Pushkinist · Pushkinist · Jun 18, 2026 · Jun 18, 2026
diff --git a/CHANGELOG.md b/CHANGELOG.md
@@ -7,6 +7,81 @@ and this project adheres to [Semantic Versioning](https://semver.org/spec/v2.0.0
 
 ## [Unreleased]
 
+## [0.2.2] - 2026-06-18
+
+Multimodal release. Whisper transcription works end to end (decode correctness
++ long-form) behind a new model-agnostic `rmlx transcribe` CLI; the dense
+Gemma 4 12B `gemma4_unified` any-to-any architecture is now supported for image
+and audio input; the standard Gemma 4 family gains native audio input through
+the serve path; and the unified vision color-fidelity bug is fixed. Plus
+release-signing and CI-hardening housekeeping. No breaking changes.
+
+### Added
+
+- **`rmlx transcribe <audio> --model <snapshot> [--format vtt|srt|json|txt]`** —
+  model-agnostic audio transcription CLI, arch-dispatched on `config.json`
+  (Whisper today, a clean seam for future ASR). Decodes any container to 16 kHz
+  mono internally (enabled `symphonia` isomp4+aac, so `.m4a` works). The HTTP
+  endpoint and the CLI share one long-form engine. (#119)
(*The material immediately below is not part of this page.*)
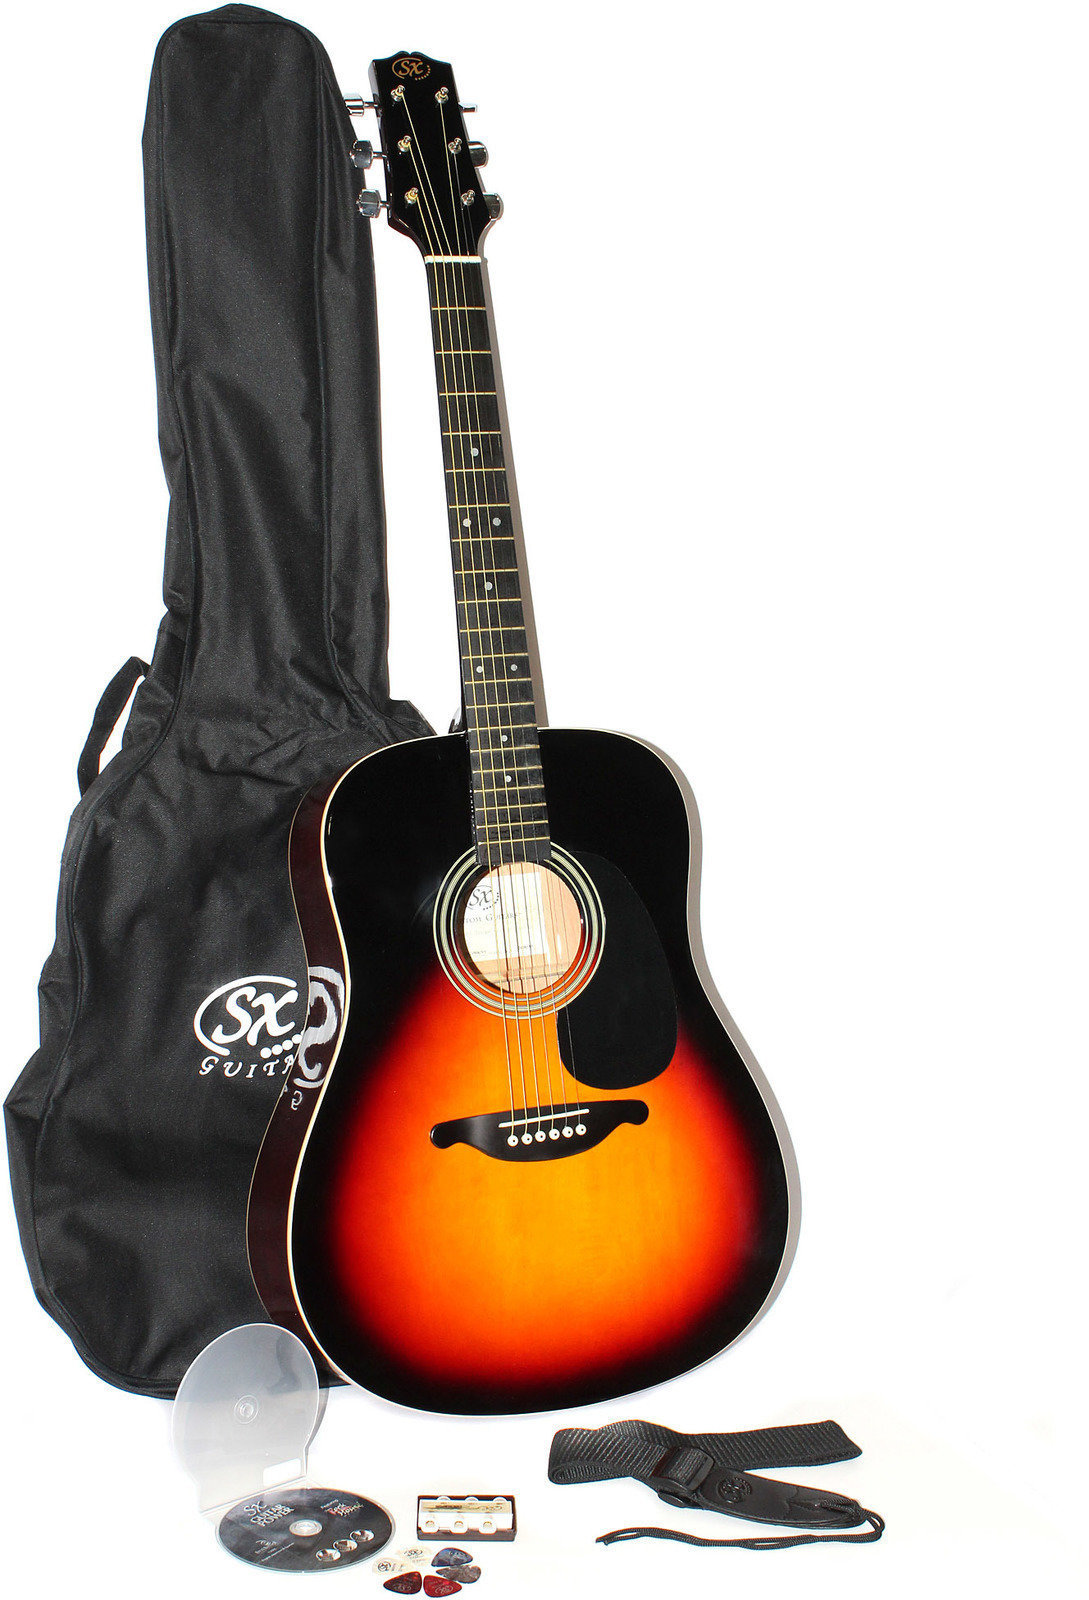 Akoestische gitaarset SX DG 150 K VS

+- **Gemma 4 12B unified (`gemma4_unified`) image + audio input.** The dense
+  any-to-any 12B has no SigLIP/Conformer tower — vision and audio are
+  early-fusion via soft tokens projected straight into the shared 48-layer LM.
+  Faithful encoder-free ports of `Gemma4UnifiedVisionEmbedder` (host patchify +
+  3×3 merge → `patch_ln1` → quantized `patch_dense` → factorized 2D pos-emb →
+  `embed_vision`) and `Gemma4UnifiedAudioFeatureExtractor` (raw 16 kHz waveform
+  → fixed 640-sample frames → `embed_audio`). Dispatched off `is_unified_arch`;
+  the standard e4b/26b/31b SigLIP path is unchanged. (#120)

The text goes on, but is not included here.